Braddock et al. (1993) reported 4 cases of sagittal craniosynostosis and the Dandy-Walker malformation (posterior fossa cyst, hypoplasia of the cerebellar vermis and often hydrocephalus) and suggested that they represented an autosomal dominant multiple malformation syndrome distinct from other disorders in which either craniosynostosis or the Dandy-Walker malformation is present. A mother and her 2 sons were affected. The 2 sons had developmental delay, and the mother had had difficulties in school. A fourth unrelated boy was similarly affected. (Cohen (1993) referred to this as Jones syndrome. Not unexpectedly, at least one other disorder had been referred to as Jones syndrome (135550).)
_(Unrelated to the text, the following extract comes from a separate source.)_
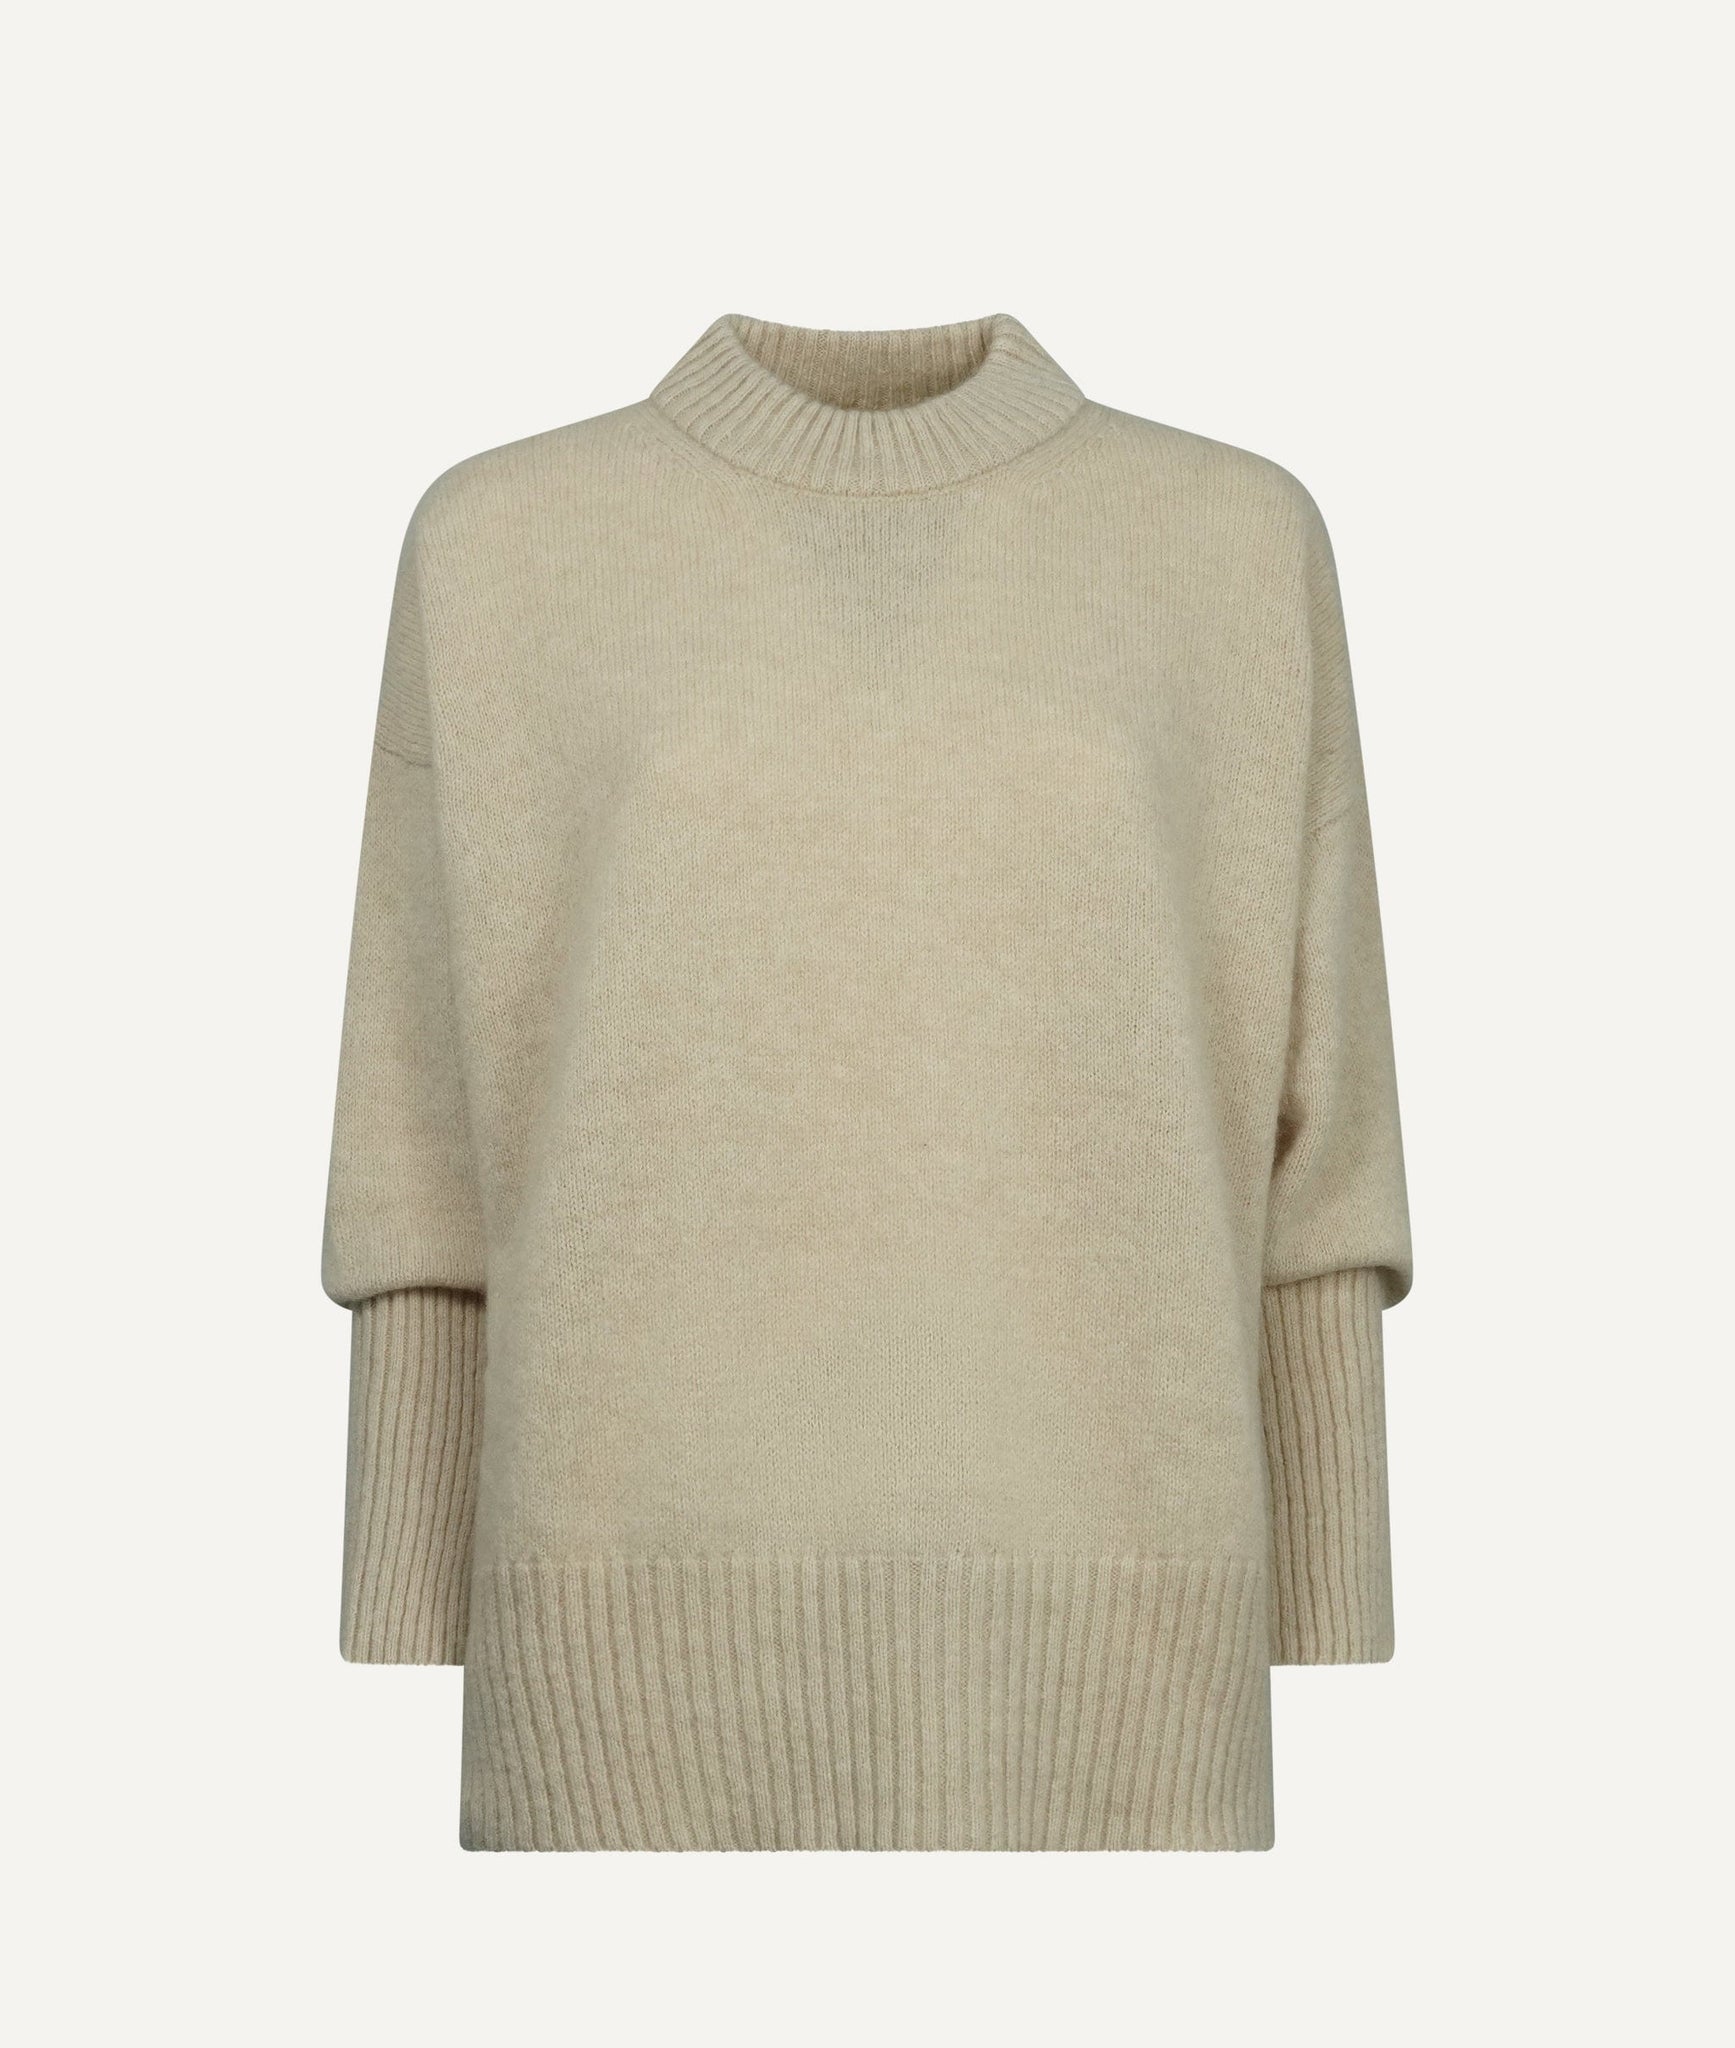 Fedeli - Roundneck in Wool & Cashmere

Basel-Vanagaite et al. (2010) reported a nonconsanguineous family of Moroccan-Jewish origin with variable expression of ventriculomegaly or hydrocephalus and posterior fossa abnormalities. Two brothers had ventriculomegaly detected on brain imaging at ages 16 and 8 years, respectively. One also had a midline cyst in the trigeminal cistern and compressing the tectum, as well as a megacisterna magna with minimal vermian hypoplasia. He was asymptomatic and had normal neurologic development. The other boy had enlargement of all the ventricles and colpocephaly, as well as an enlarged posterior fossa with megacisterna magna, but no cyst. The massa intermedia was large and malformed, and he had partial absence of the septum pellucidum. He had recurrent headaches and underwent ventriculoperitoneal shunting. Otherwise he had normal development. The healthy mother had a history of 2 pregnancy terminations due to severe fetal hydrocephalus developing late in pregnancy; both were males. Her brain MRI showed enlargement of the lateral ventricles with mild colpocephaly, a midline cyst, an enlarged massa intermedia, and an enlarged posterior fossa with a megacisterna magna and minimal vermian hypoplasia. She had no neurologic abnormalities. The maternal grandmother had ventriculomegaly and recurrent headaches. She also had dysmetria of the upper limbs, abnormal tandem gait, and memory loss. Brain MRI of 2 clinically unaffected sisters of the probands showed mildly enlarged posterior fossa without ventricular dilatation. Basel-Vanagaite et al. (2010) noted that the Dandy-Walker malformation and megacisterna magna seem to represent a continuum of developmental anomalies of the posterior fossa, and that abnormalities of the posterior fossa predispose to the development of hydrocephalus.

Inheritance

Braddock et al. (1993) suggested autosomal dominant inheritance of sagittal craniosynostosis and Dandy-Walker malformation in the 4 cases they reported.

The transmission pattern of ventriculomegaly or hydrocephalus and posterior fossa abnormalities in the family reported by Basel-Vanagaite et al. (2010) was consistent with either autosomal dominant or X-linked inheritance.

Mapping

Vincent et al. (1994) described a contiguous gene syndrome resulting from deletion of 8q12.2-q21.2 (600257) and characterized by a combination of hydrocephalus with branchiootorenal (BOR) syndrome (113650), Duane syndrome (126800), and aplasia of the trapezius muscle. They suggested that a gene responsible for a dominant form of hydrocephalus maps within this region.